Exercise requirements: Return the listing exactly, please; no pictures.

=== Given information ===

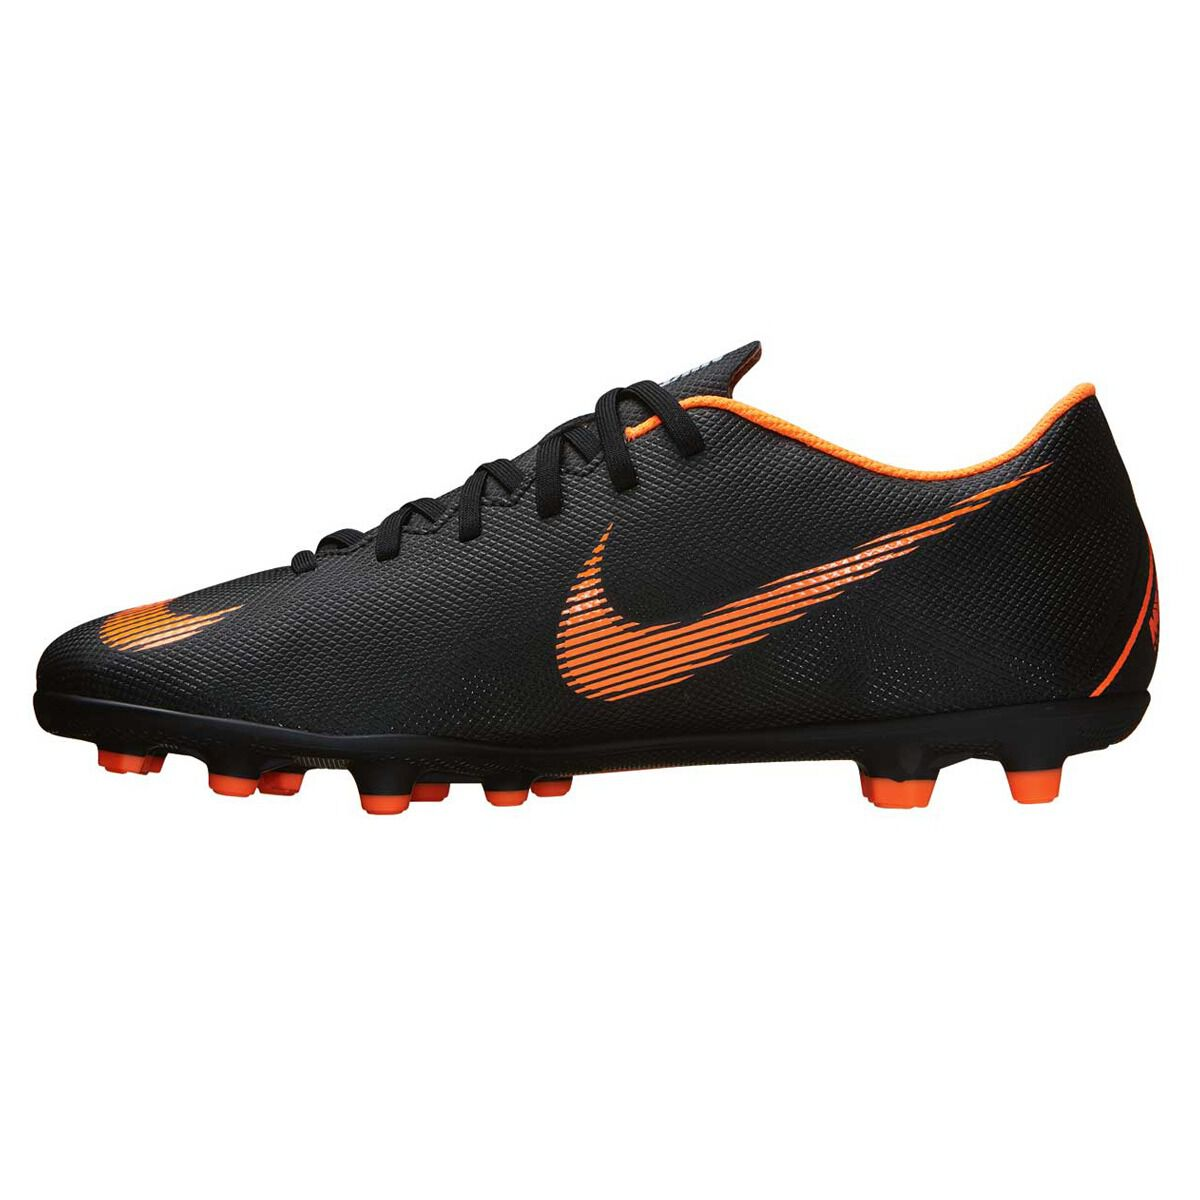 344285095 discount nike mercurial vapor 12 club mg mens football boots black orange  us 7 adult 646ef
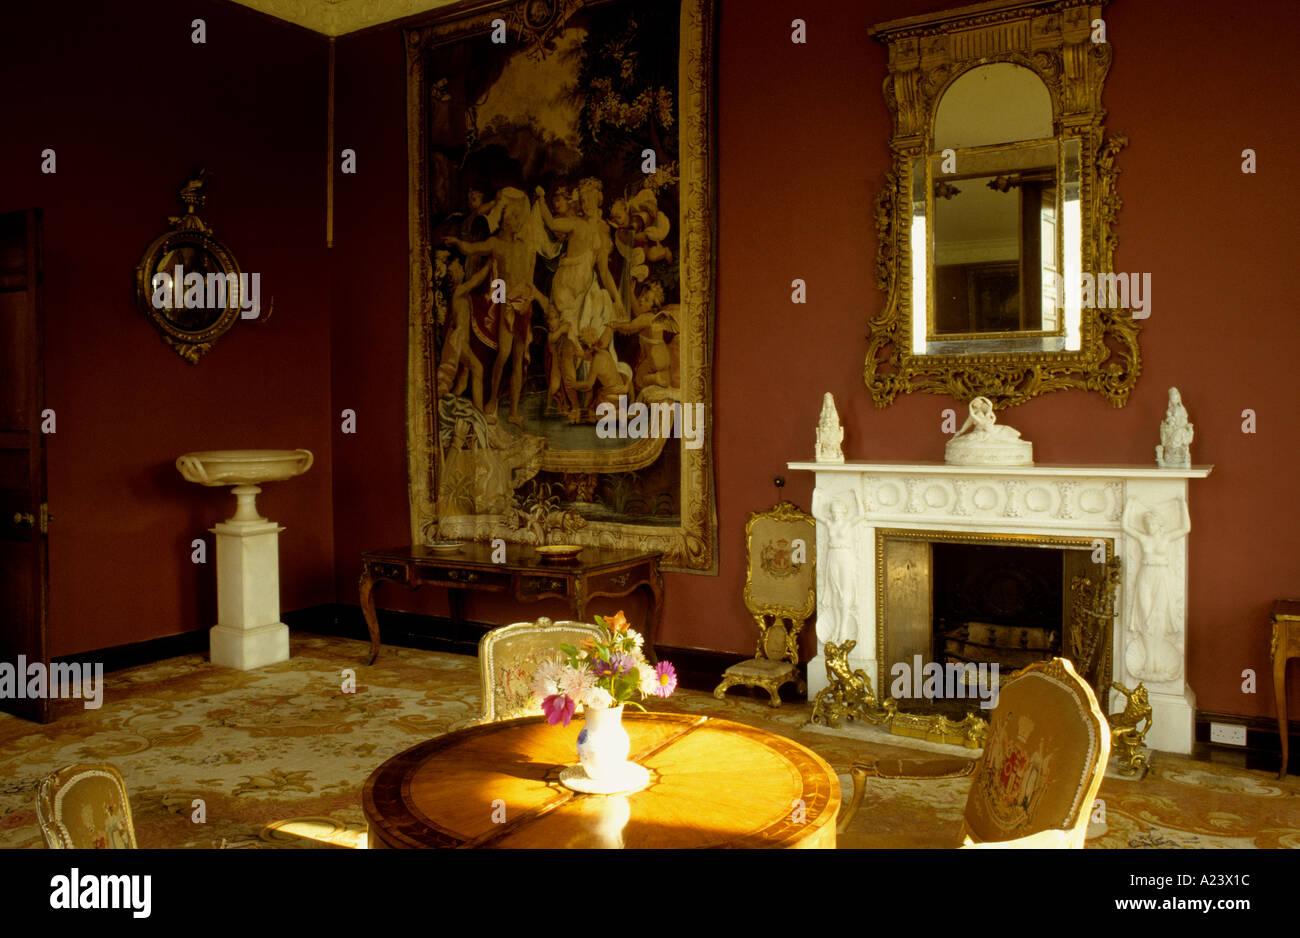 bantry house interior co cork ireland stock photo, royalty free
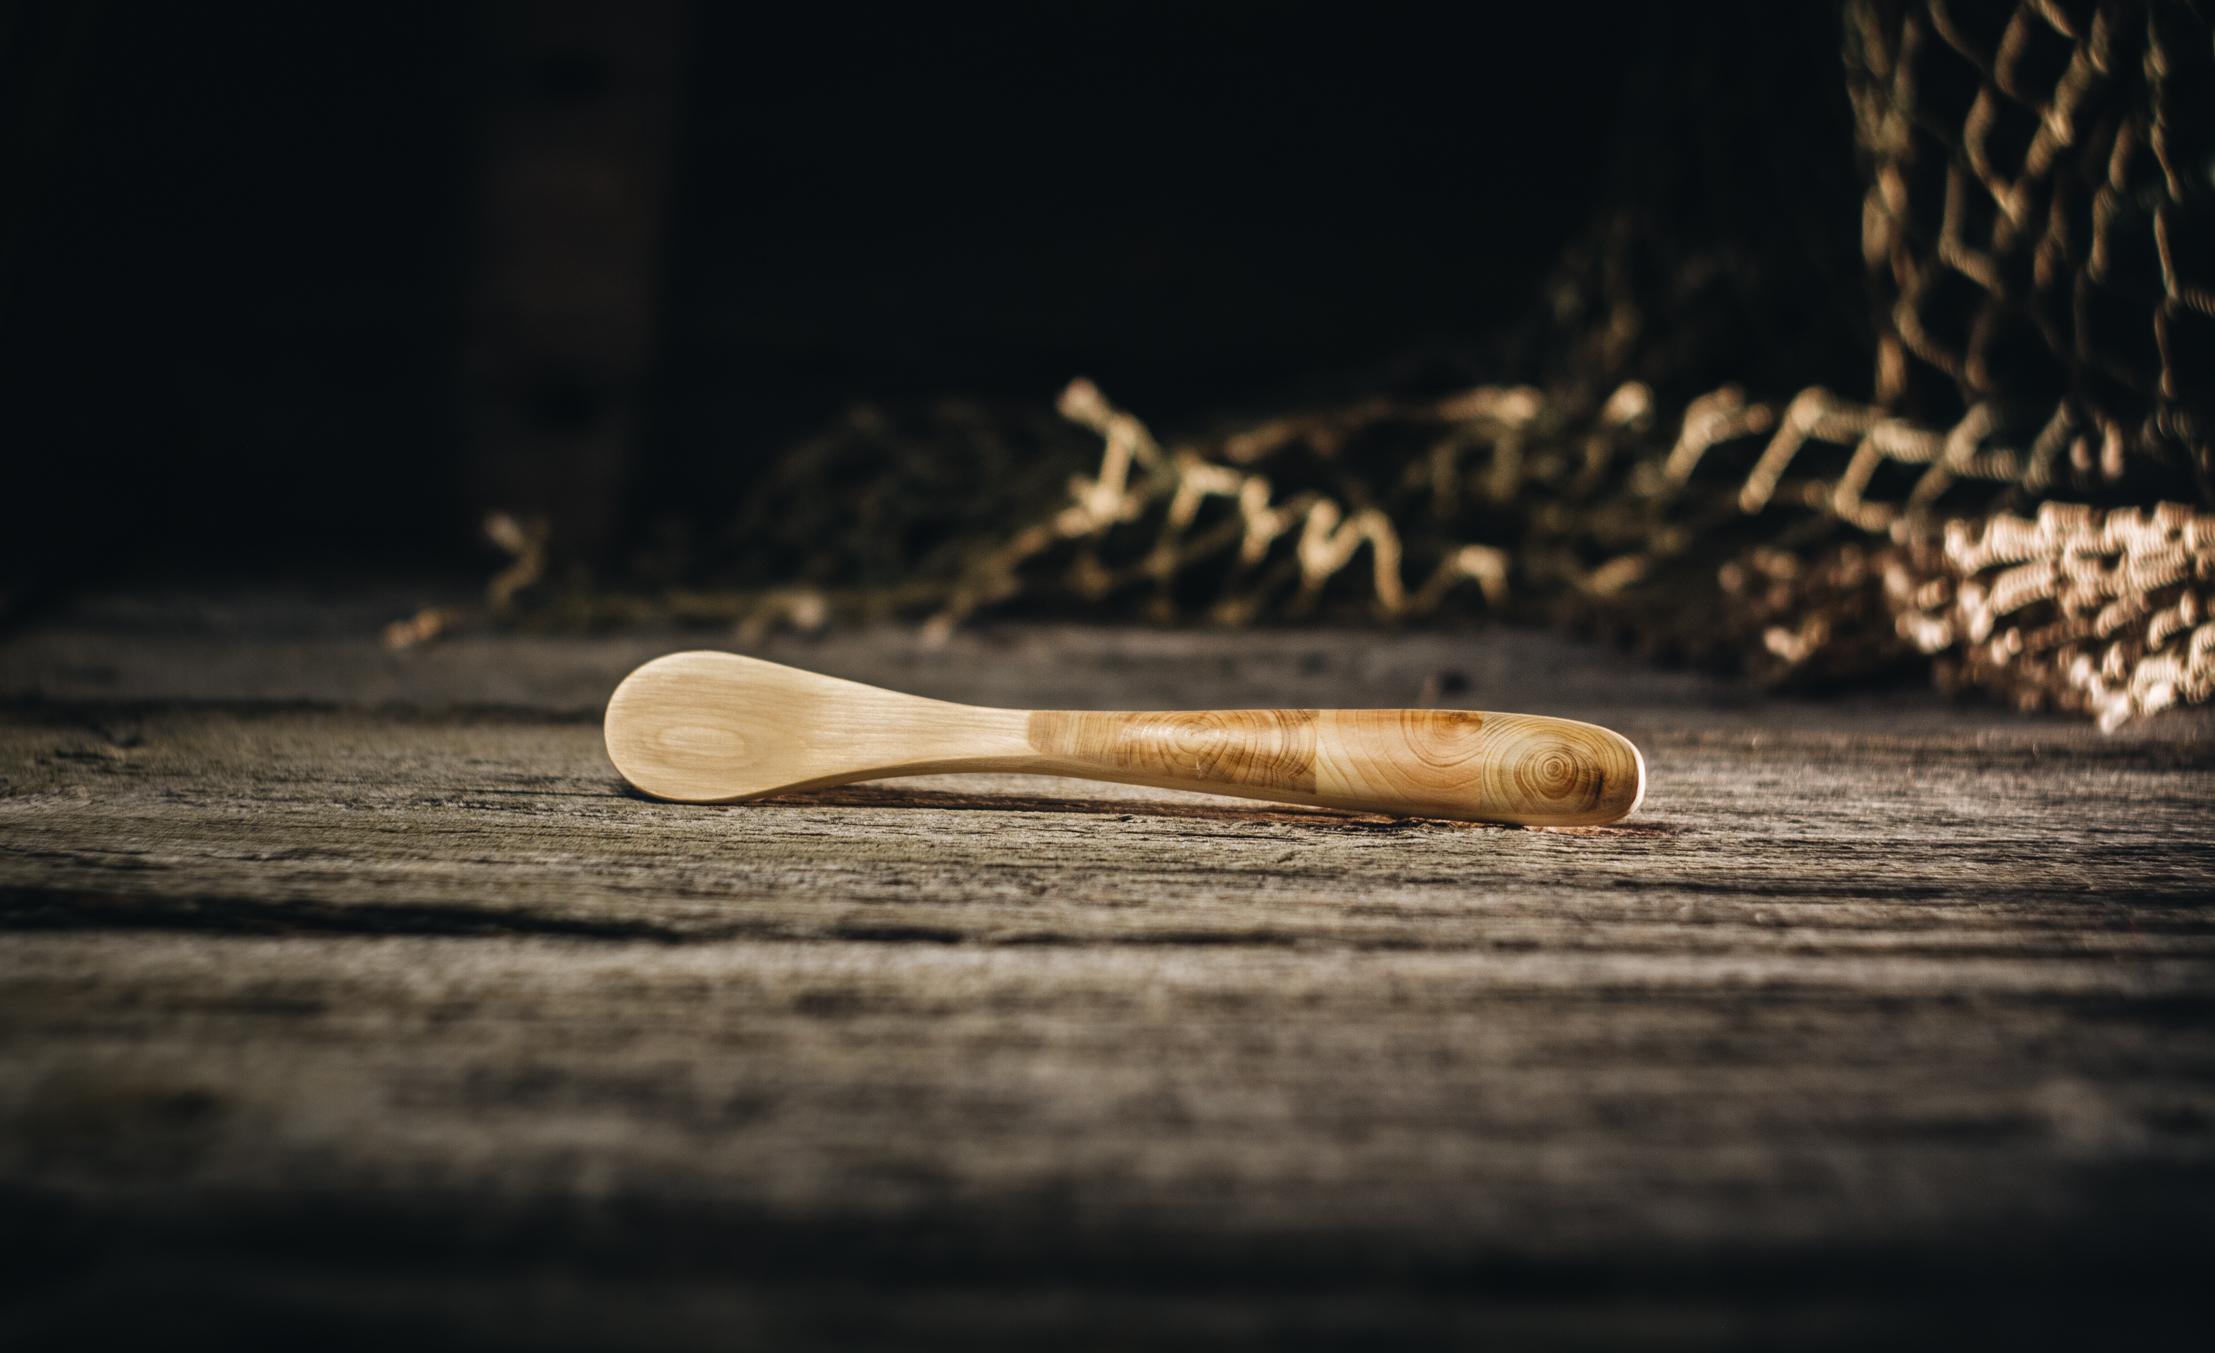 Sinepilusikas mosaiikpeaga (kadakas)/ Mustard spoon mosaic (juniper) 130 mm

===

Task solution:
 344285095 discount nike mercurial vapor 12 club mg mens football boots black orange  us 7 adult 646ef
 bantry house interior co cork ireland stock photo, royalty free
 Sinepilusikas mosaiikpeaga (kadakas)/ Mustard spoon mosaic (juniper) 130 mm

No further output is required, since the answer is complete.